And each of us has our patterns of how we respond to stress.
And some of us go into neurotic busy doing,
and some of us freeze or then eat a lot of food to kind of quiet it down,
and some of us get blaming the other person that's not doing there.
We each have our strategies, right?
We do.
Then what happens as we start waking up
and wanting to really be a more free,
open-hearted being is the next level of Shampa is we start really disliking ourselves for our Shampa.

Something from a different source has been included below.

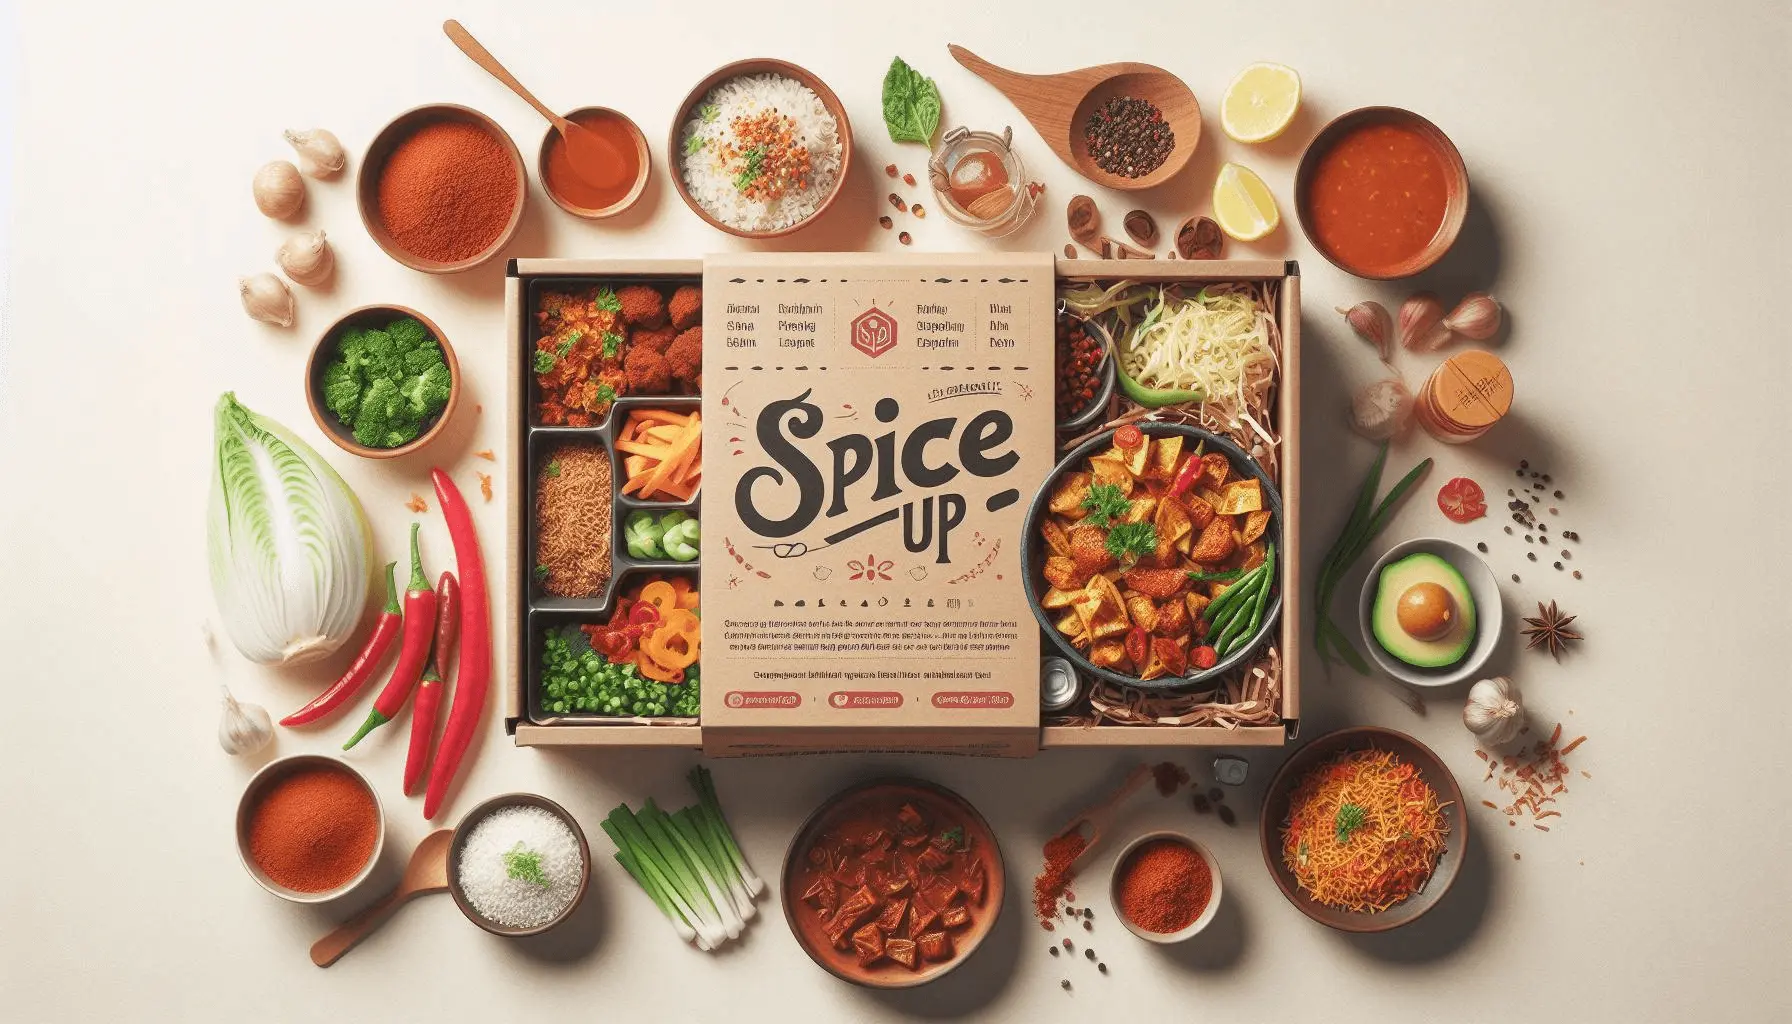 Meluncurkan layanan berlangganan “Spice it Up” bisa mengubah permainan image

That's Shampa on Shampa. Shampa squared. It's really deadly. It's really hard. In the Buddhist tradition,
there's a story where the Buddha's teaching one of his disciples and he's saying, you know, if I
shot you with an arrow, what would you do? And basically he says, you wouldn't then shoot, oh, if you shot
yourself in a arrow. You wouldn't shoot yourself with another arrow out of anger at yourself
for shooting yourself with an arrow. You wouldn't add the second arrow of blame, right? So it is,
and then he goes on to say that when there is pain, it's inevitable, but suffering is optional.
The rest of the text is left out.